Making It Right (Most Likely To #3)

Gill liked her like this, at ease and sassy.

The waitress dropped off their beers and Gill opened a tab.

He took one of his darts and moved close enough to Jo to breathe in her scent. “Where I live now holds little weight on my dart playing ability.”

“Oh?”

It was his turn to twist the dart in his fingers before pulling back and letting it fly. It slid right along hers, but directly in the center, where a proper dart needed to be this early in the game.

He reached around, made sure his arm met with her shoulder as he grabbed his beer. “I grew up outside of Spokane, where my dad still owns a small town bar. My mom helps out with the bookkeeping.”

Jo looked at the board and then him. “I’m guessing you helped your dad. Bouncer?”

Gill answered her with a nod and a grin as he sucked on his beer.

She reached for hers and smiled through her eyes as she drank.

With a sigh, she set the beer back down, reaching across him to do so, and filled her lungs with a fortifying breath. “And here I thought this was going to be easy.”

She did a little rolling of her head on her neck thing, along with the shaking of her right arm, before tossing her next dart. Instead of aiming for the center, where his dart might very well deflect hers, she set her dart in the triple score of the twenty-point zone.

“Oh, game on!”

Pride washed over her face when she turned around.

His hand stopped shy of slapping her butt when she reached for her beer a second time. He glanced over his shoulder at the party going on with their group. Yeah, ass slapping was going to have to wait for another time.

Less than ten minutes later, Jo was handing him twenty bucks and ordering another round. “I want another shot.”

He glanced at their drinks. “You’re not driving, are you?”

“I know about Uber,” she told him.

“Does River Bend have Uber?”

Her eyes were a little glossy, something he didn’t think happened all that often.

“River Bend has me.”

He erased their scores and started over.

“You taxi people around?”

“There have been a few times I’ve been called, mainly by Josie.”

He sat down, waited for their drinks before starting the next game.

“Who is Josie?”

“She owns R&B’s, the bar I told you about.”

“Josie calls the sheriff to drive drunks home?” Gill wasn’t sure his father had ever done that. Then again, the small town he grew up in had an actual police department with more than two men stationed there. And his father wasn’t the only one with a bar.

“Most of them can walk, but yeah . . . sometimes.”

“That’s a hell of a service you have there, Sheriff.”

“It’s a pain in the ass,” she admitted.

The waitress dropped off their round, slapped a bowl of nuts on the table. The increase of salt would increase the drinks. A trick Gill had learned from his father.

“Then why do you do it?” Gill asked her.

“It beats the heartache of having to haul them in for drunk driving, or worse.
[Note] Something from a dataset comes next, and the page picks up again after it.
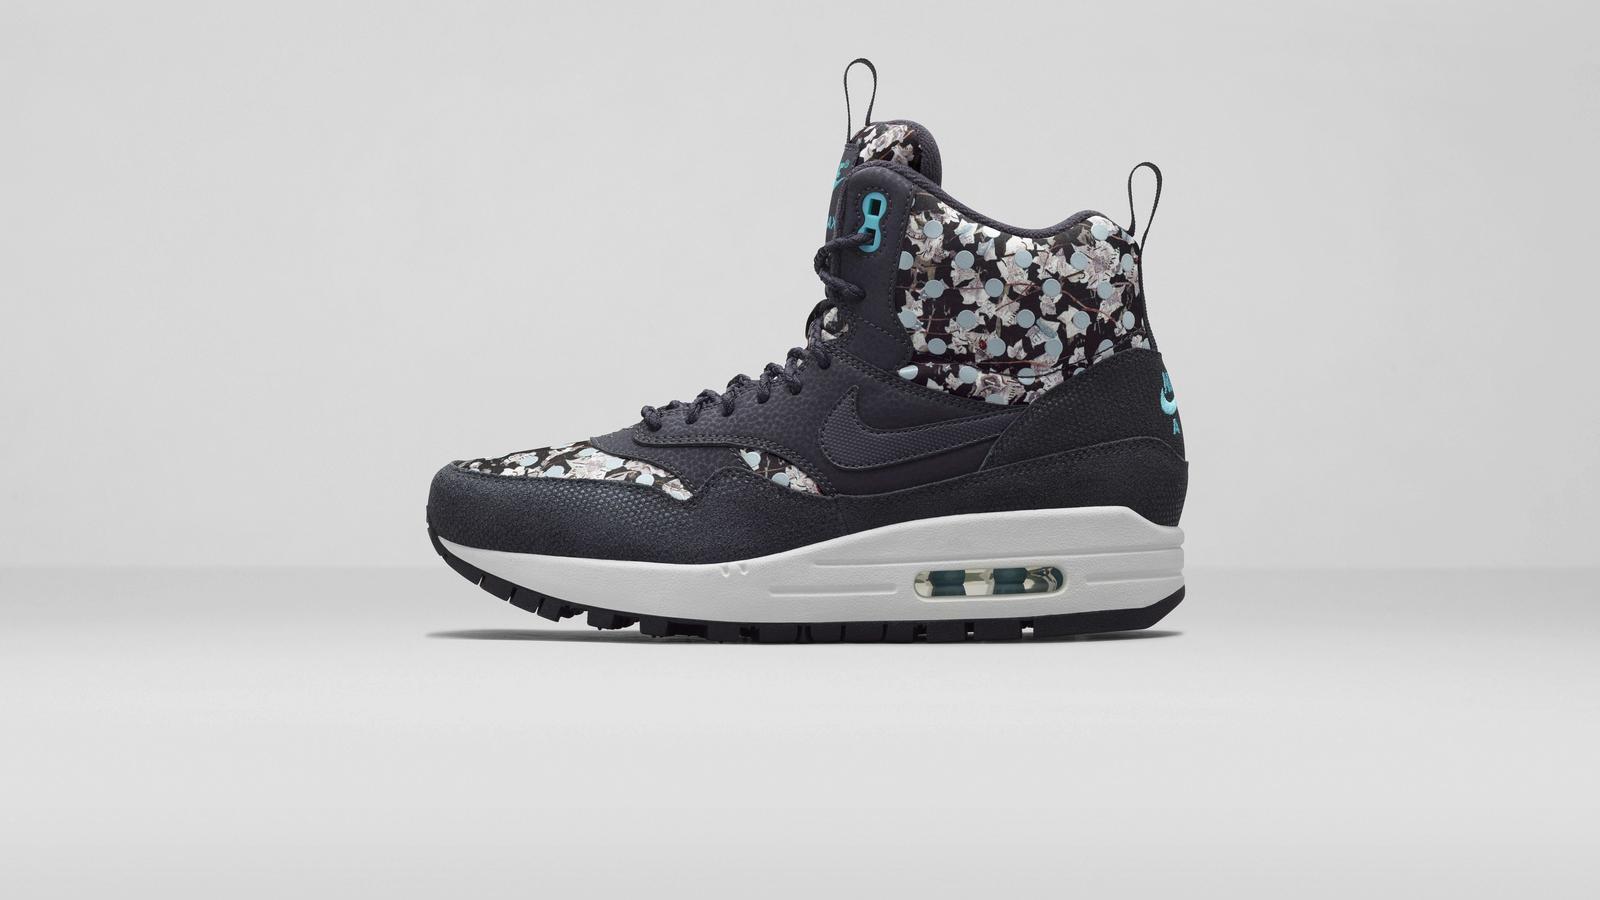 Nike%20x%20 Liberty%20 Air Max 1 Sneakerboot Dark Ash

Besides, it isn’t like everyone calls. Policing the town where you grew up has its upside, and its downside. Downside is, those who know me, call.”

“And the upside?”

Jo blinked at him a few times, narrowed her eyes. “Free meals.”

Gill chuckled. He wasn’t about to tell her that once in a while his meals were comped, too. And most of the law enforcement in the room had plenty of free meals from local businesses without driving anyone’s intoxicated uncle home from a bar.

She stood, grabbed her darts, and nodded toward the board in question. Technically he should take the first turn for the next game, but he agreed, and Jo turned toward the board as she spoke. “The worst part isn’t driving drunks.”

“Oh?”

The dart flew, not that he didn’t bother looking where it landed.

“The hardest part about policing River Bend is trying to erase my youthful transgressions.” She sat back down and twisted her beer in her hand.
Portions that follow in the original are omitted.